#### To do
The data below should be transcribed in full, with no picture included.

#### Collected data
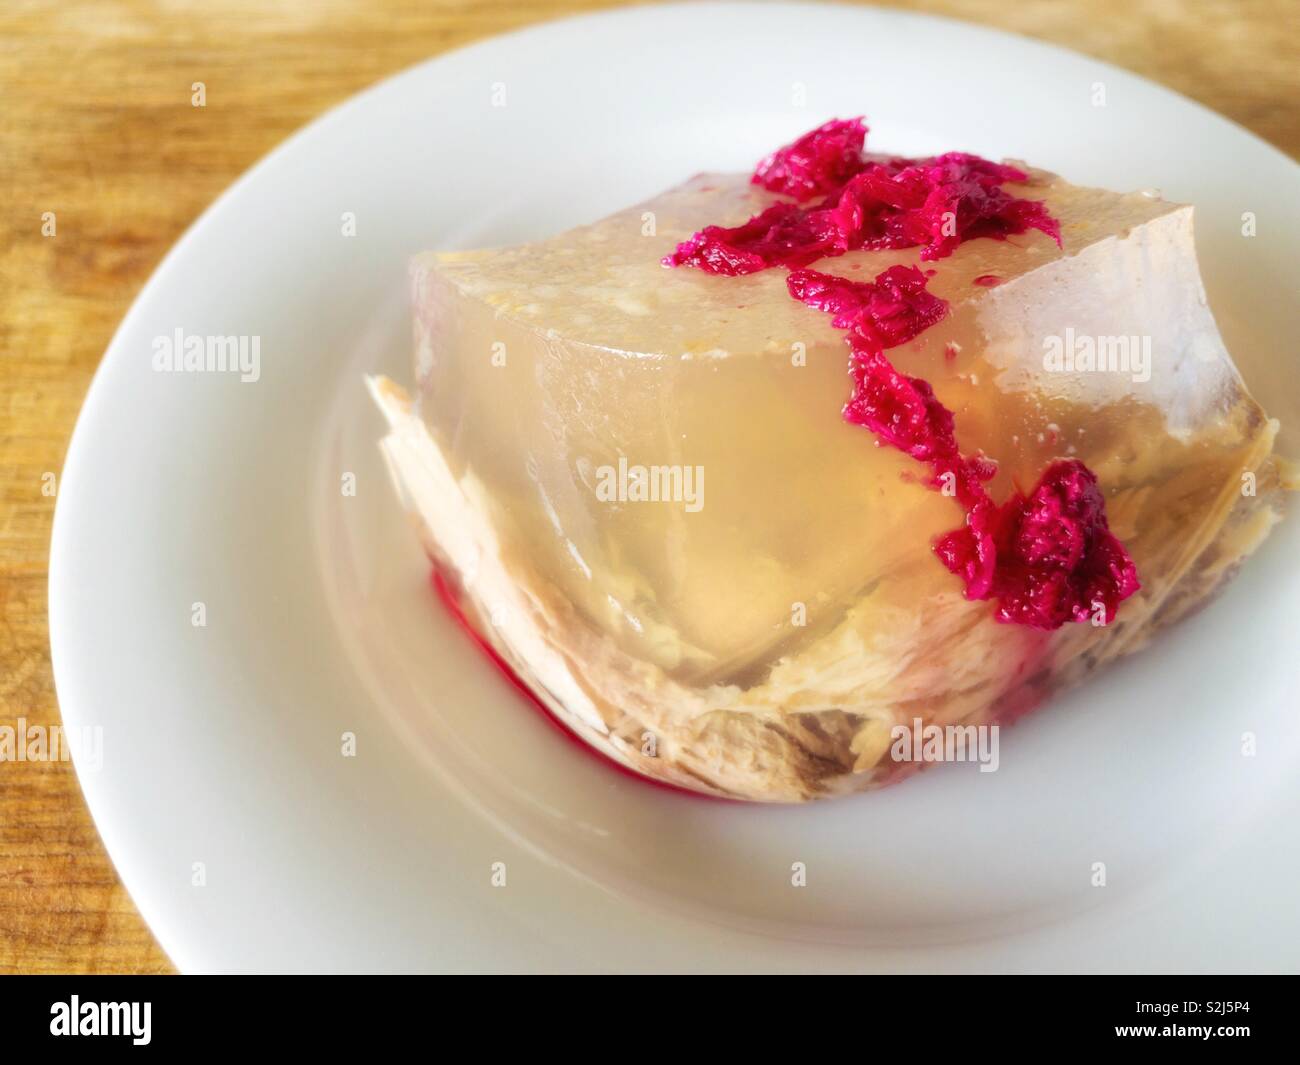 Big plate with Ukrainian aspic flavored with horse-radish pickled in beetroot juice standing on wooden surface Stock Photo
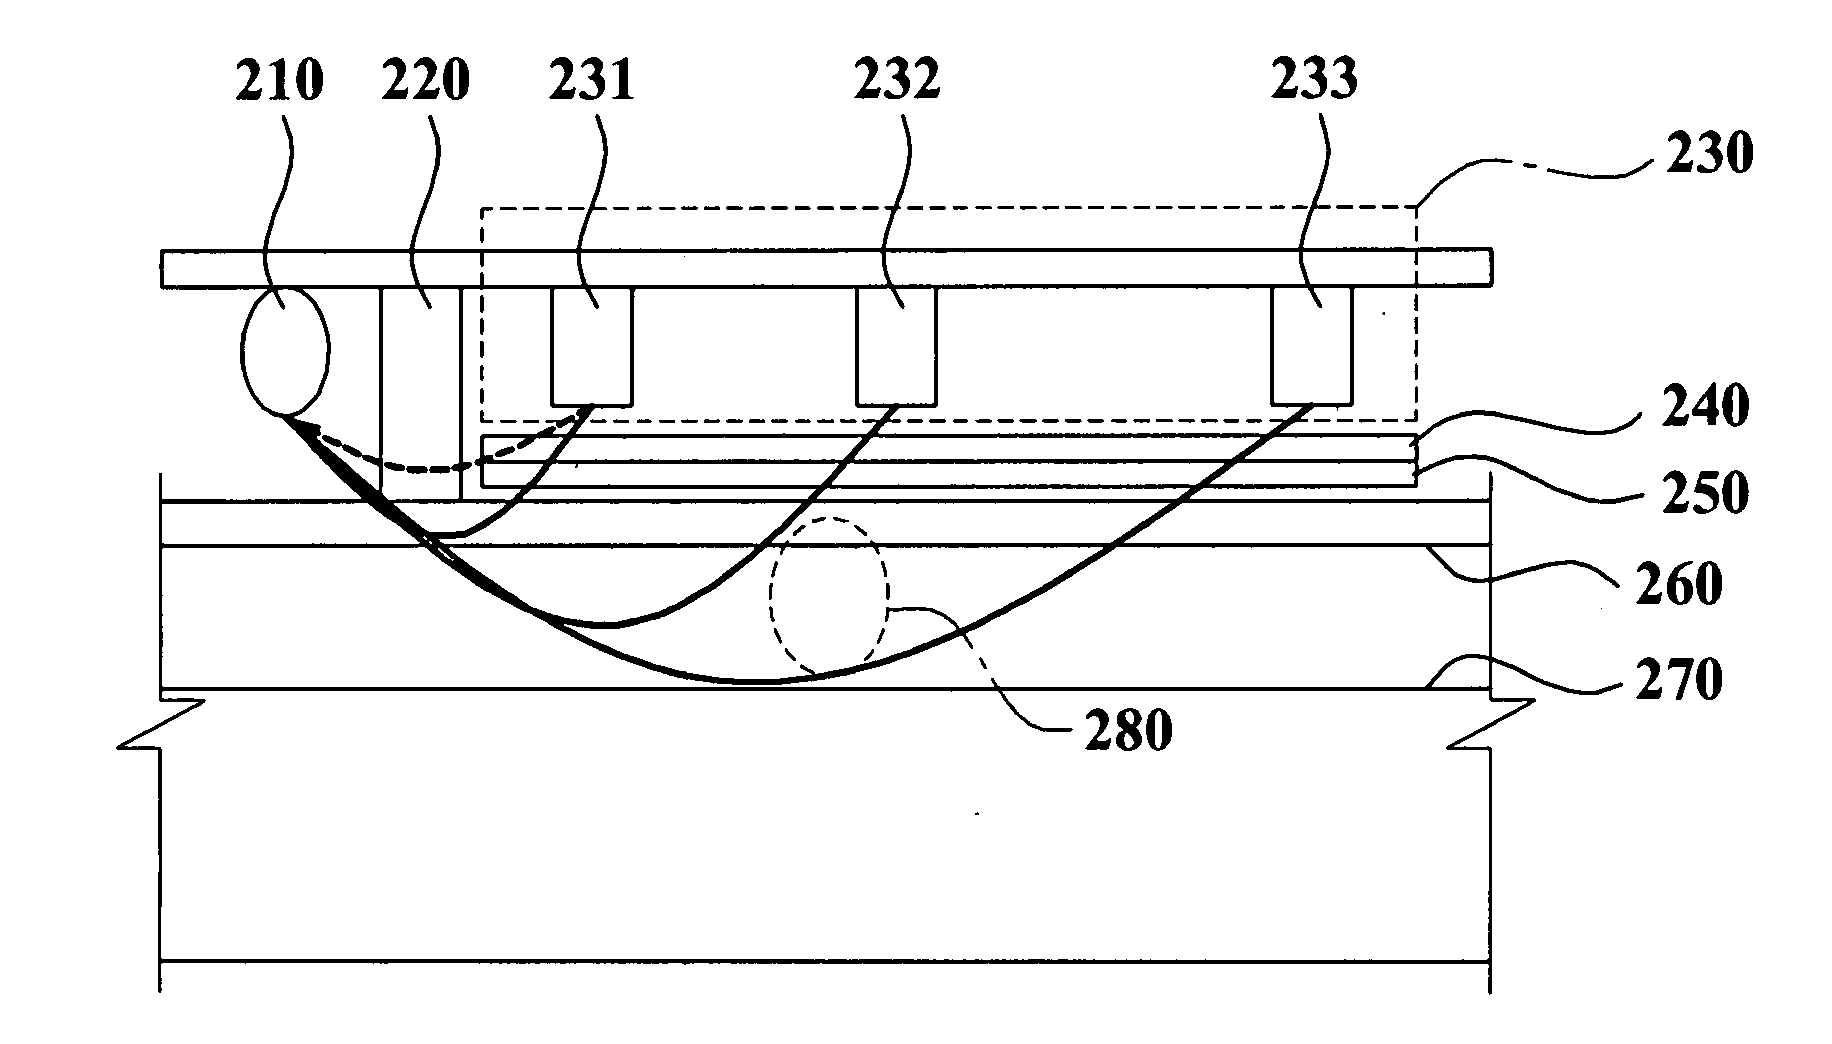 Portable body fat measurement device, method, and medium, using side-view light sources
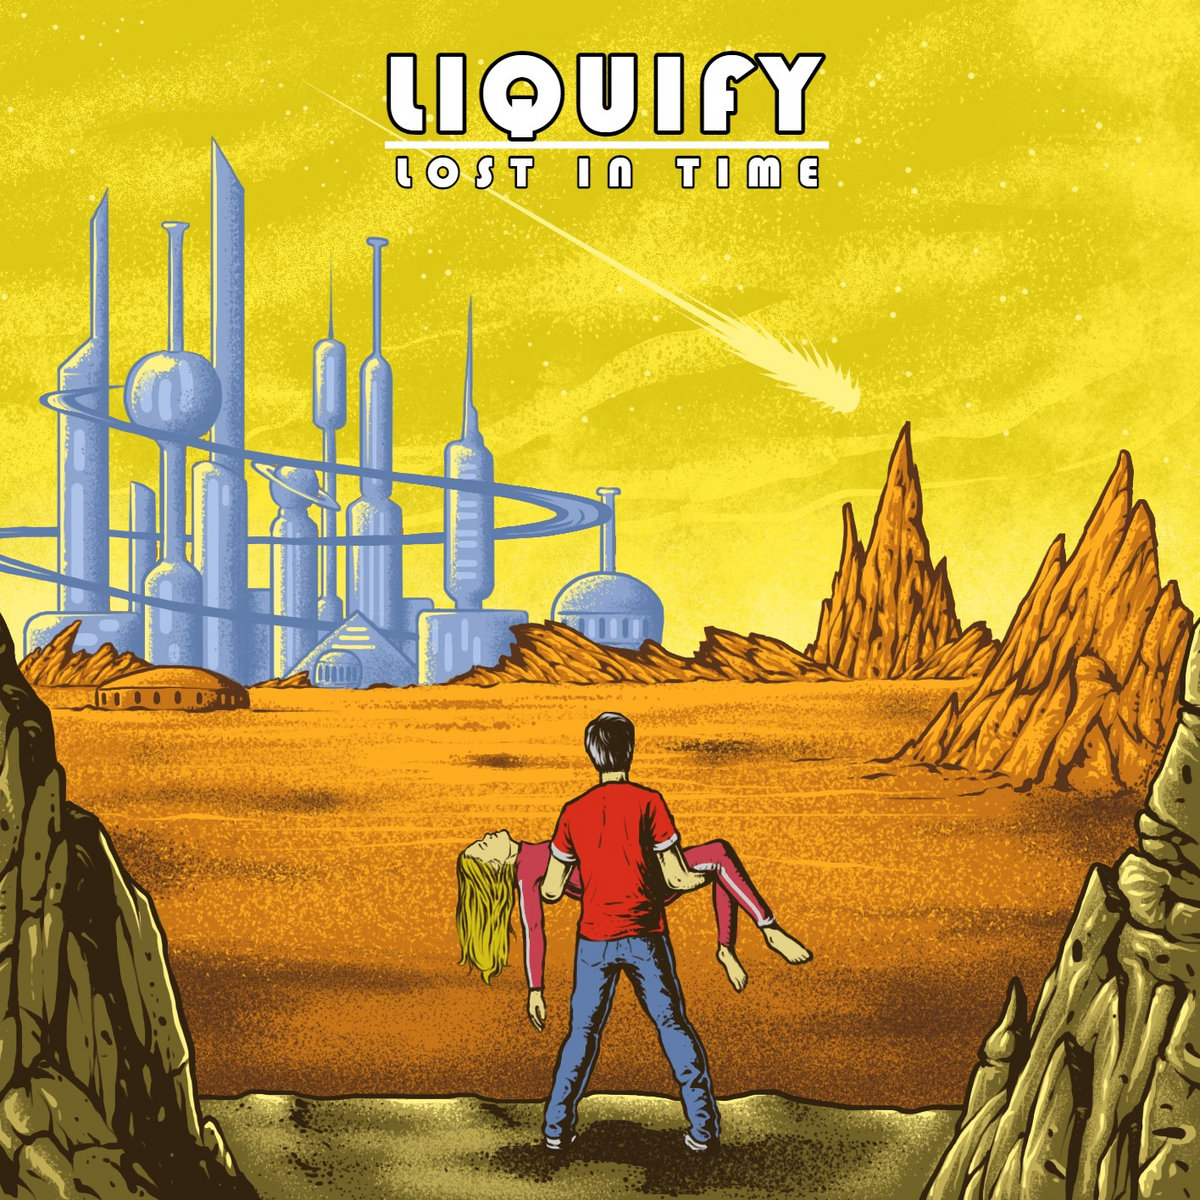 Liquify Release New Full-Length Lost in Time
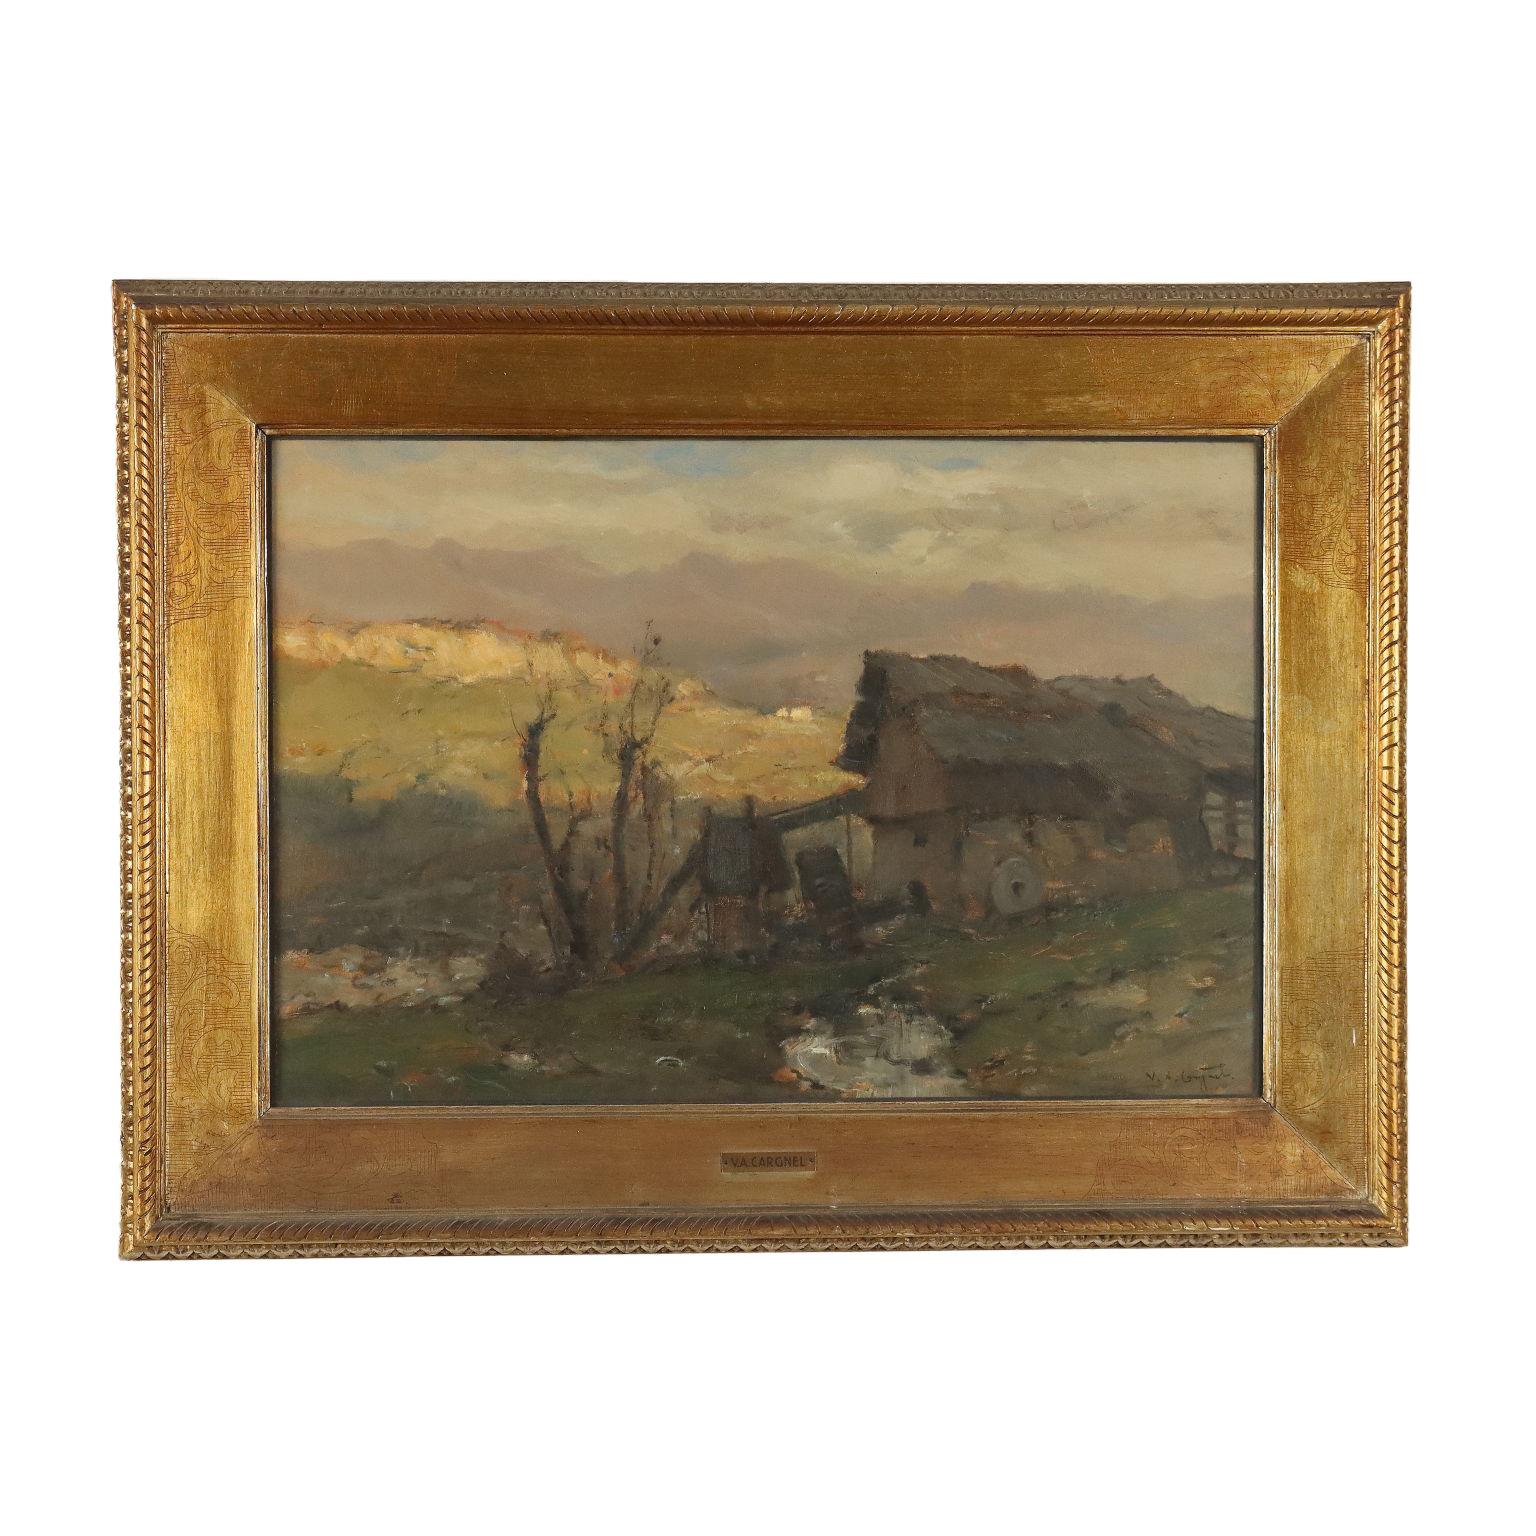 Unknown Landscape Painting - The Abandoned Mill Pofabbro 1928

#### Response to this exercise
 Big plate with Ukrainian aspic flavored with horse-radish pickled in beetroot juice standing on wooden surface Stock Photo
 Portable body fat measurement device, method, and medium, using side-view light sources
 Liquify Release New Full-Length Lost in Time
 Unknown Landscape Painting - The Abandoned Mill Pofabbro 1928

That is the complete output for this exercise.